В глазах Дамблдора мелькнули сожаление и сострадание — он немедленно стер их (вероятно, помня о том, каким Сириус был гордецом), но они были столь глубокими, что не заметить их было невозможно. Вместо благодарной симпатии Сириус ощутил злость, но истоки ее были слишком размыты, чтобы он понял их. Возможно, проклятые дементоры, забирая теплые воспоминания, одарили его ею.

— Здравствуйте, директор, — наконец прохрипел он.

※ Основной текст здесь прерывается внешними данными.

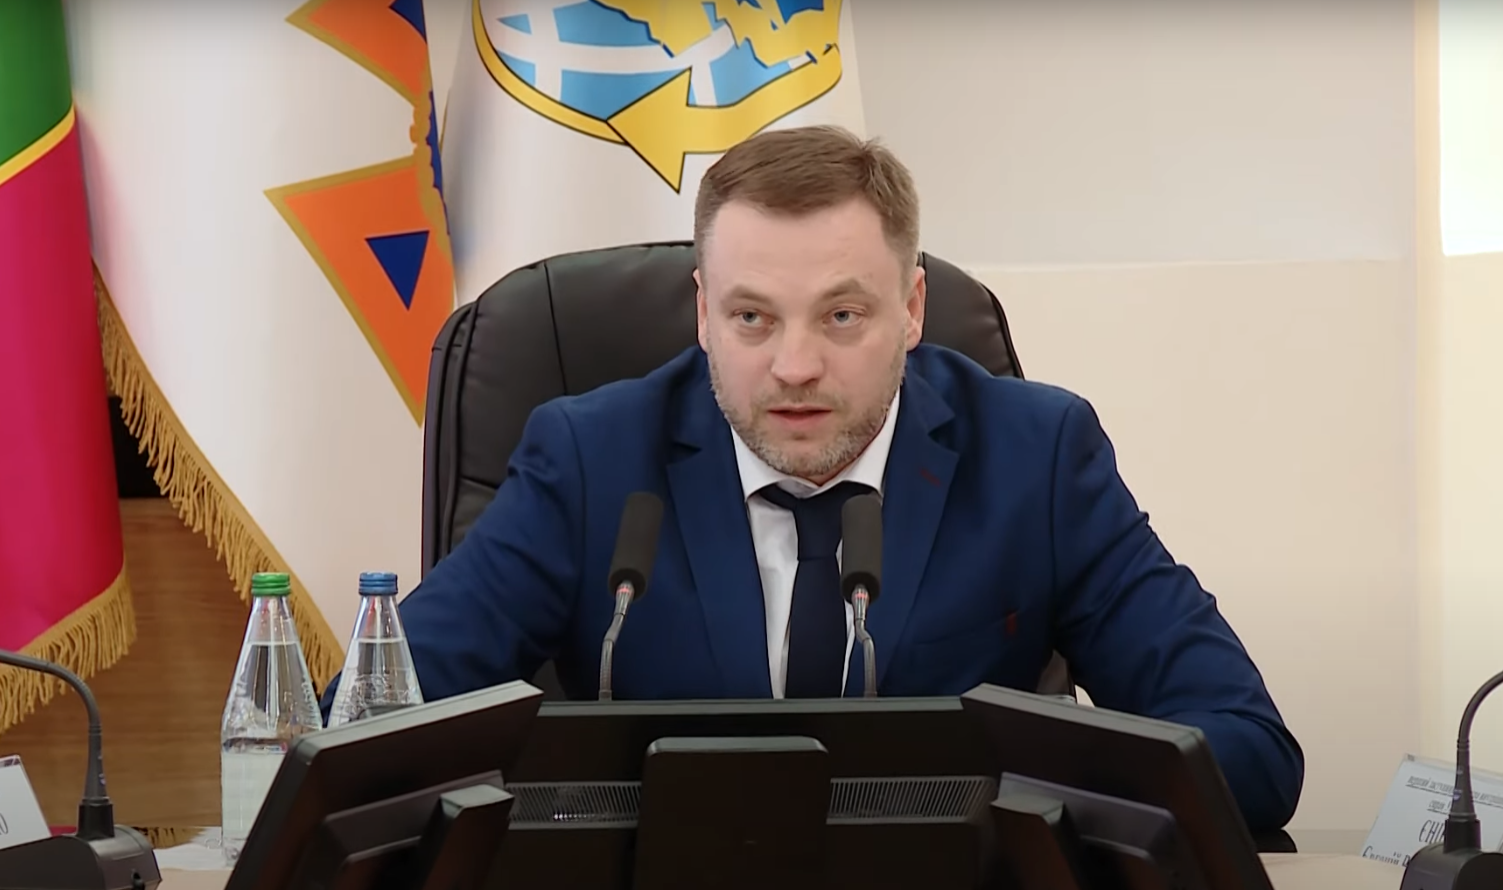 Подробности о новом органе рассказал глава МВД Денис Монастырский.

Когда Сириус закашлялся, Дамблдор был вынужден убрать руки с его плеч; теперь он вернул одну ладонь на место и сжал ею руку Сириуса.

— Когда я услышал, что тебя только что отпустили, сразу же вышел следом, надеясь тебя нагнать. Хорошо, что мы не успели разминуться. Если ты никуда не спешишь, я был бы рад пообедать с тобой вместе.

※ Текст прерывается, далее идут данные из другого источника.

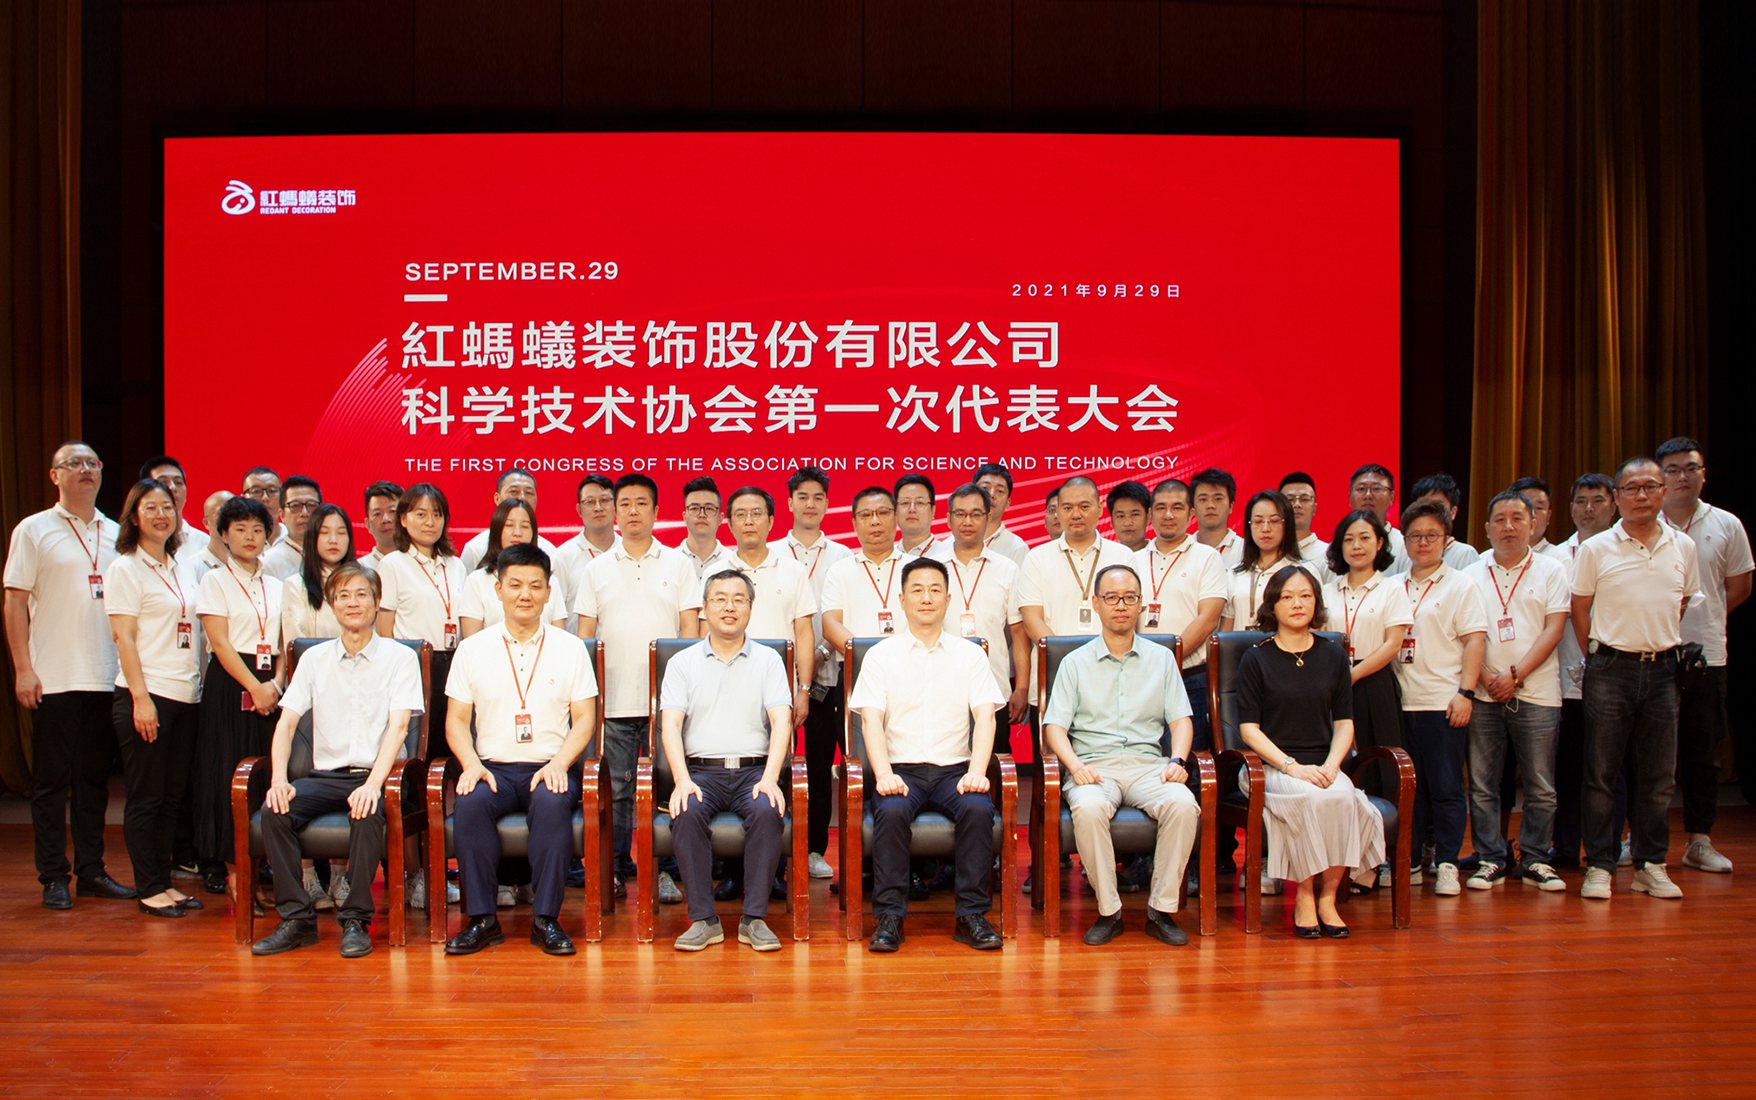 红蚂蚁丨姑苏区首家民营企业科学技术协会成立

От вежливого предположения Дамблдора о том, что Сириус мог сейчас куда-то спешить, он едва не рассмеялся в четвертый раз, но поостерегся лишний раз тревожить голосовые связки. Остерегаться чего бы то ни было не было в характере Сириуса, но хронический азкабанский фарингит (и ему очень повезет, если это не ангина), заставил его проявить осторожность.

— Мне совершенно некуда спешить, директор.

Когда Дамблдор опустил руку к его предплечью, чтобы аппарировать их обоих, Сириус ощутил неясный протест, но и его причину понять не смог (не успел): душная воронка аппарации засосала его.


* * *


Кабинет директора лишь немного изменился с тех пор, когда Сириус последний раз был в нем. Воспоминание об этом было странно подернуто дымкой; тогда они с Джеймсом получили по месяцу отработок за стычку с Сопливусом. Недовольство от длительности отработки скрашивалось знанием о том, что Снейп провел в больничном крыле несколько дней. Думать об этом было приятно.

Возможно, это было достаточно мерзкое воспоминание, чтобы его не повредили дементоры.

Дамблдор изменился столь же немного, сколь и его кабинет: лишь в паутинчатый узор неглубоких морщин вплелилась пара новых бороздок, но голубые глаза глядели все так же проницательно и ясно. Он отдал приказ домовому эльфу и, когда тот исчез, предложил Сириусу чай.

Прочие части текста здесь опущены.